▶ Supplied information:
----------------
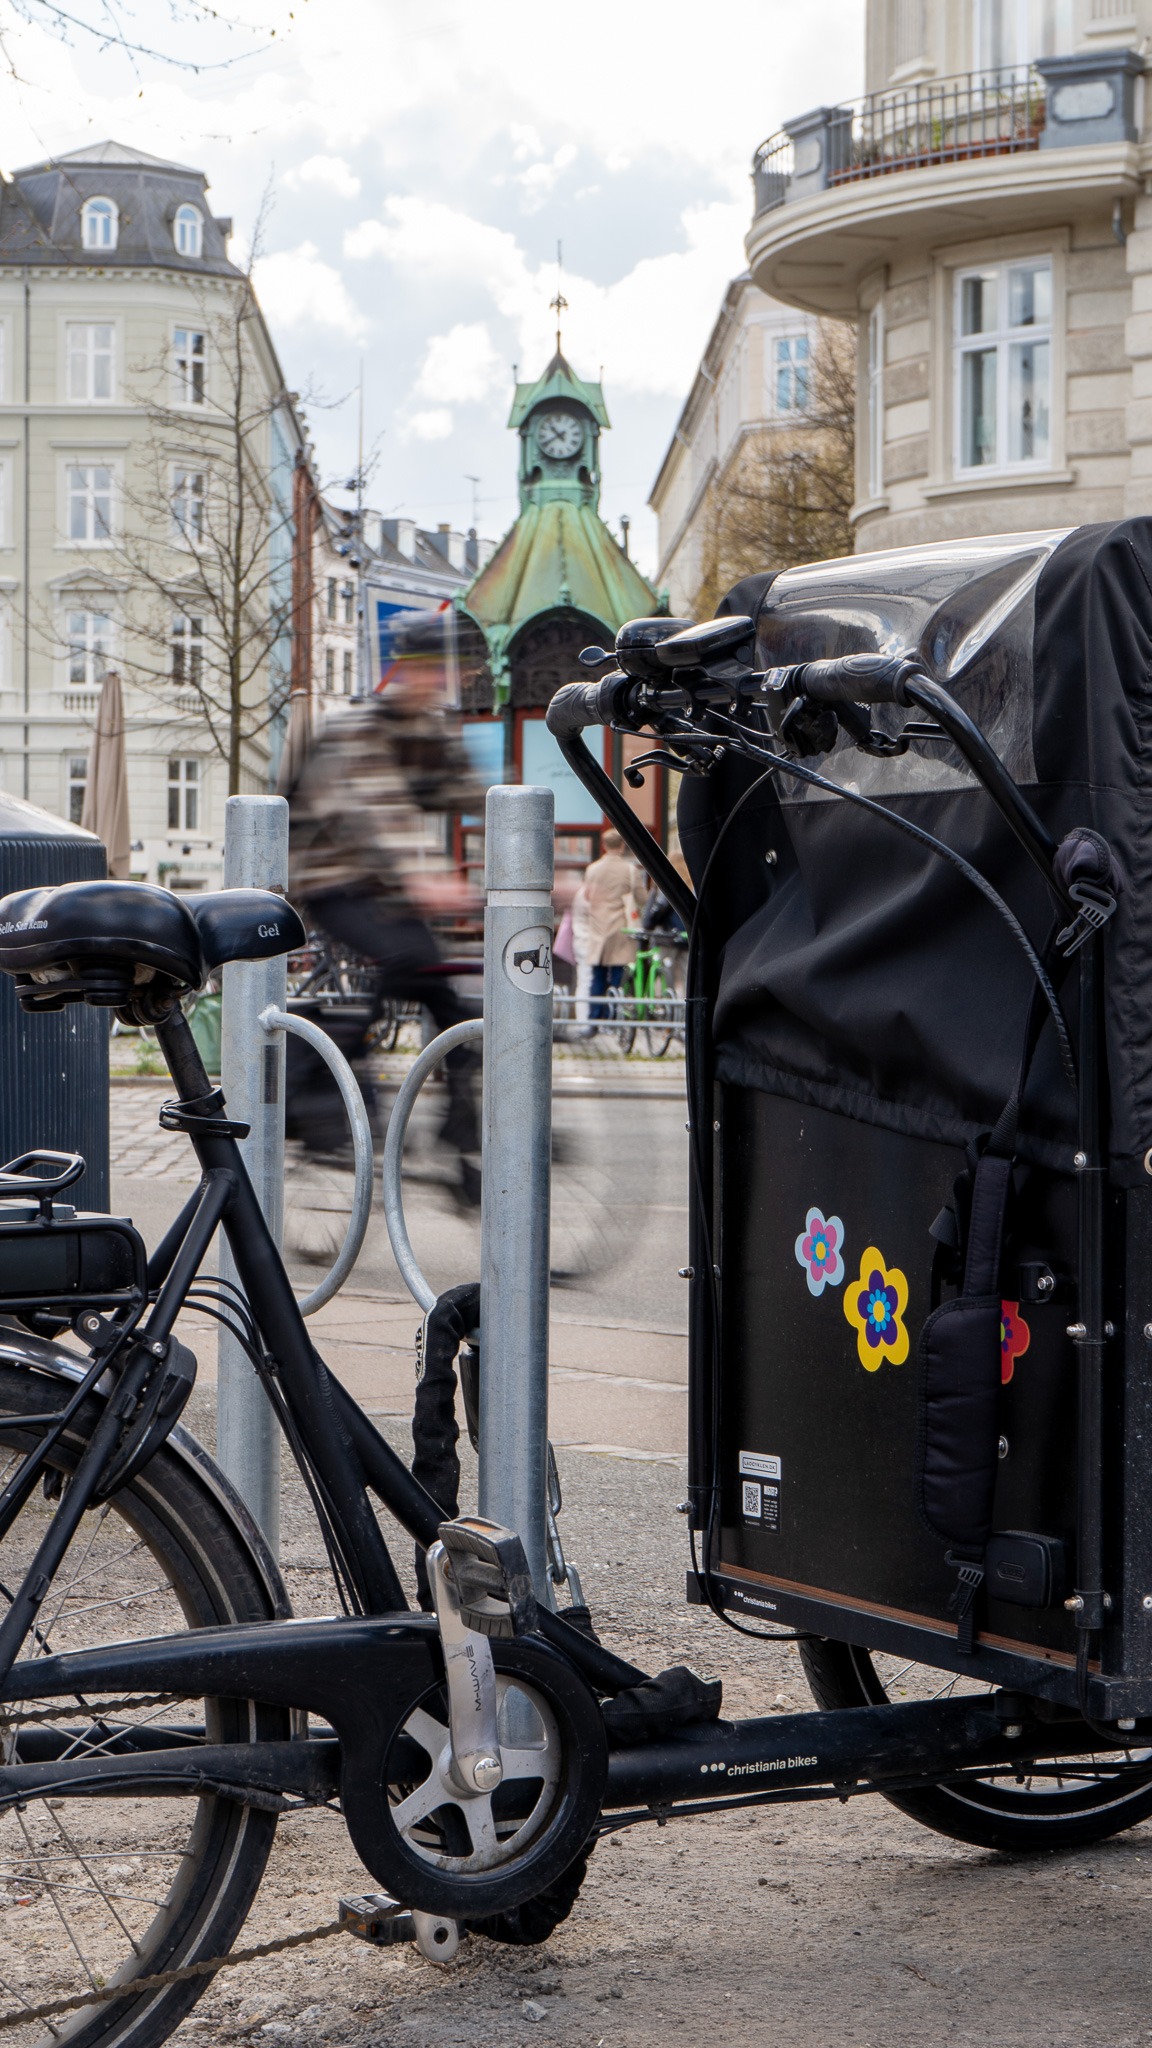 ظهرت أولى مواقف الدراجات في كوبنهاغن
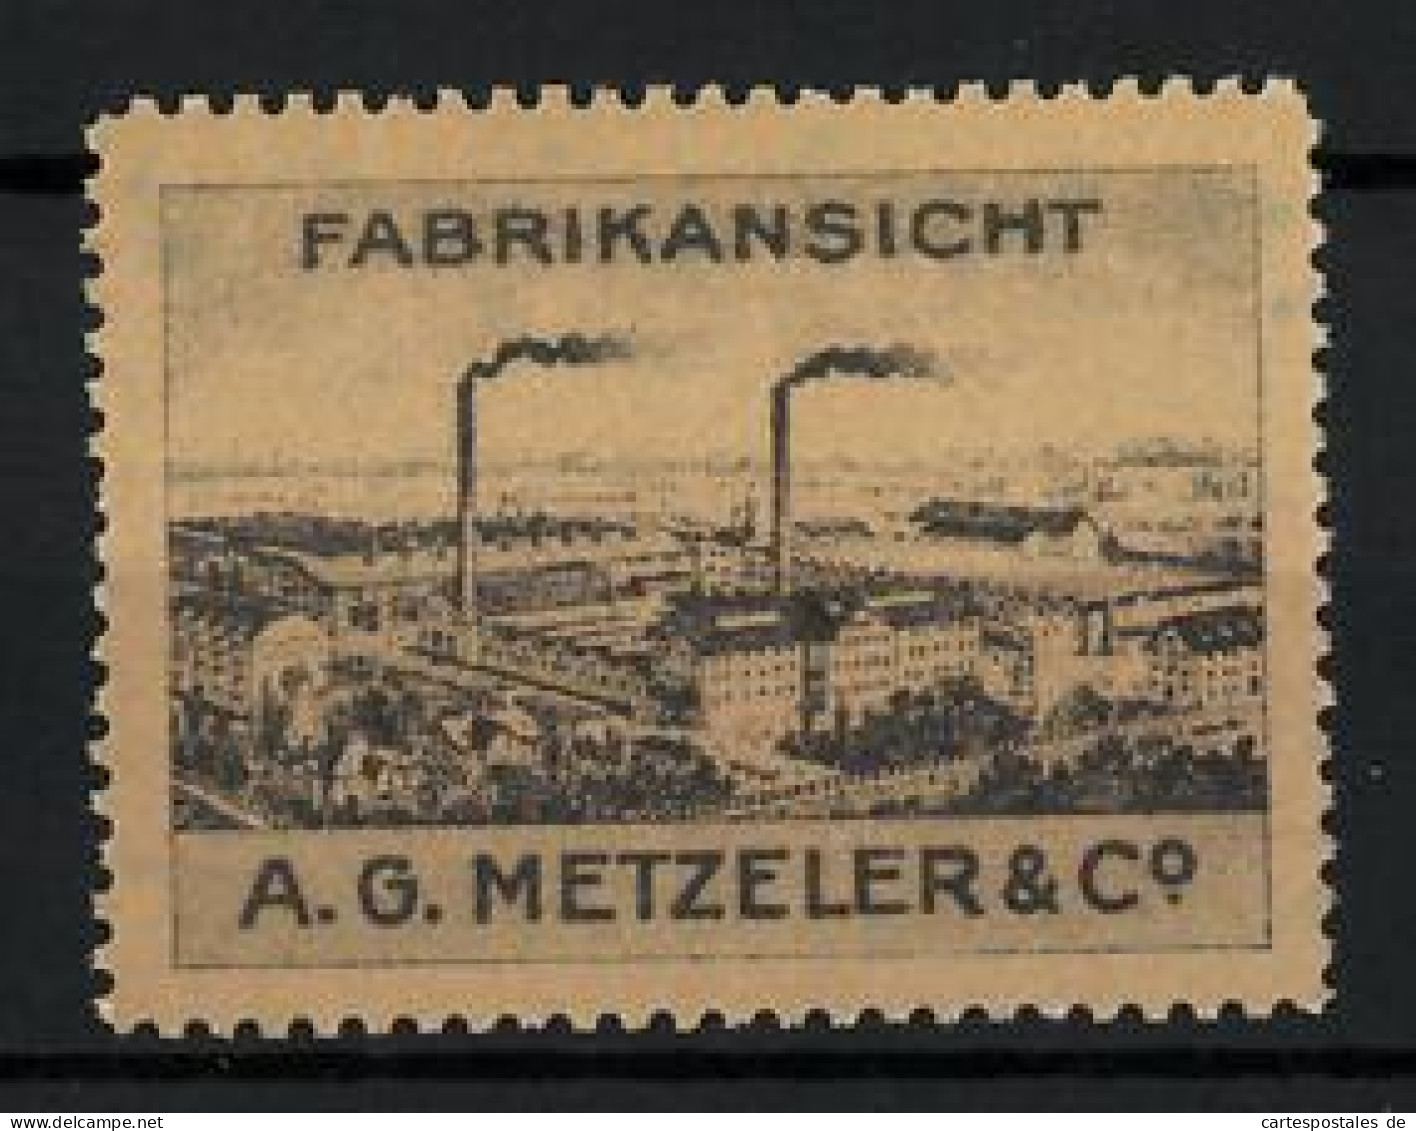 Reklamemarke A. G. Metzeler & Co., Fabrikansicht  - Vignetten (Erinnophilie)
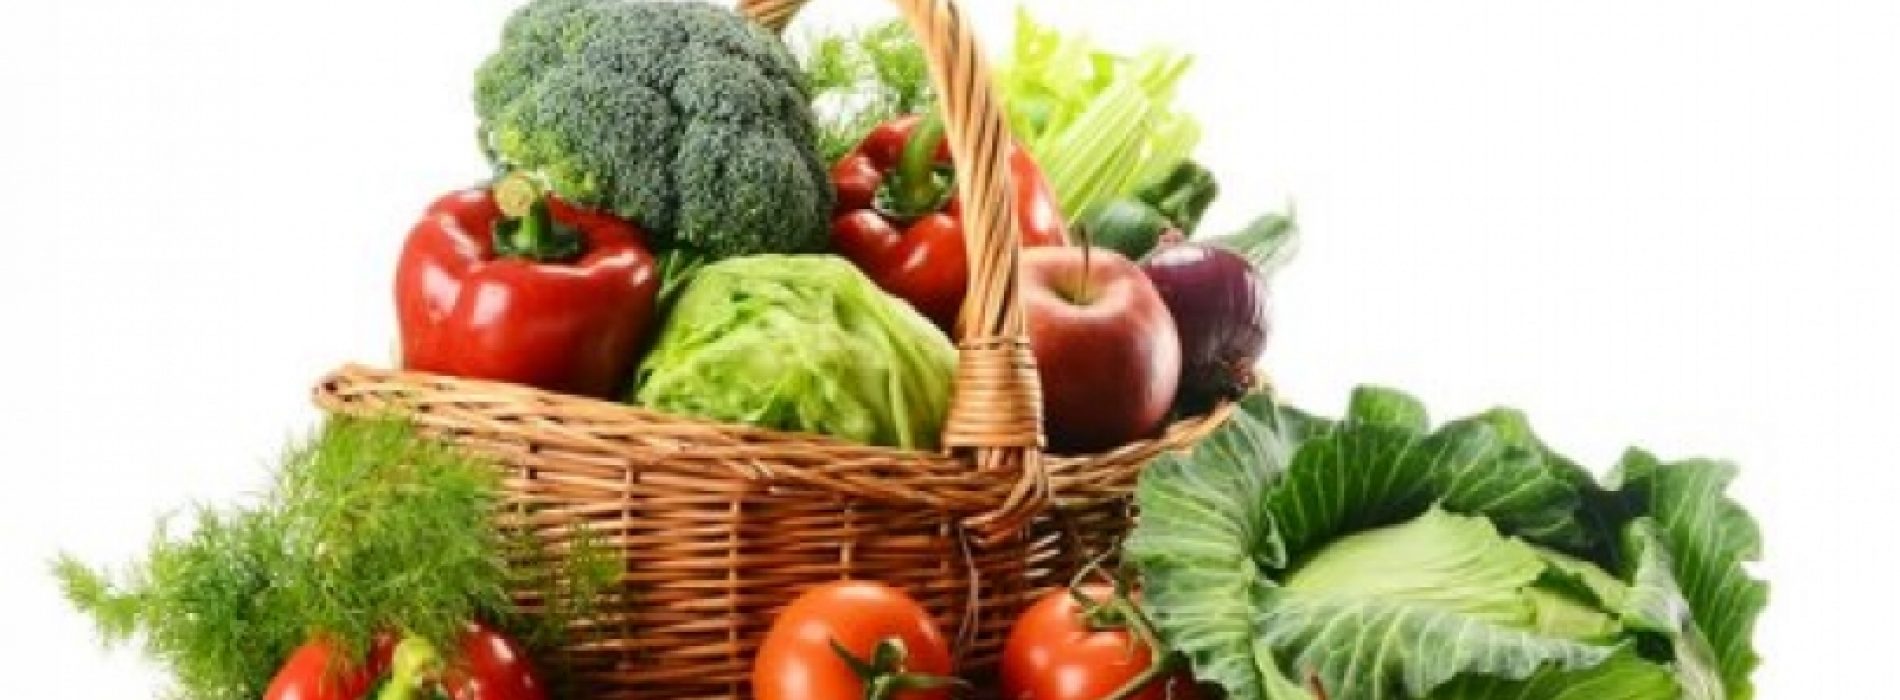 10 supergezonde magnesiumrijke voedingsmiddelen
----------------
▶ Aim of the exercise: Transcribe the whole listing above exactly and leave out the pictures.

▶ Written answer:
 ظهرت أولى مواقف الدراجات في كوبنهاغن
 Reklamemarke A. G. Metzeler & Co., Fabrikansicht  - Vignetten (Erinnophilie)
 10 supergezonde magnesiumrijke voedingsmiddelen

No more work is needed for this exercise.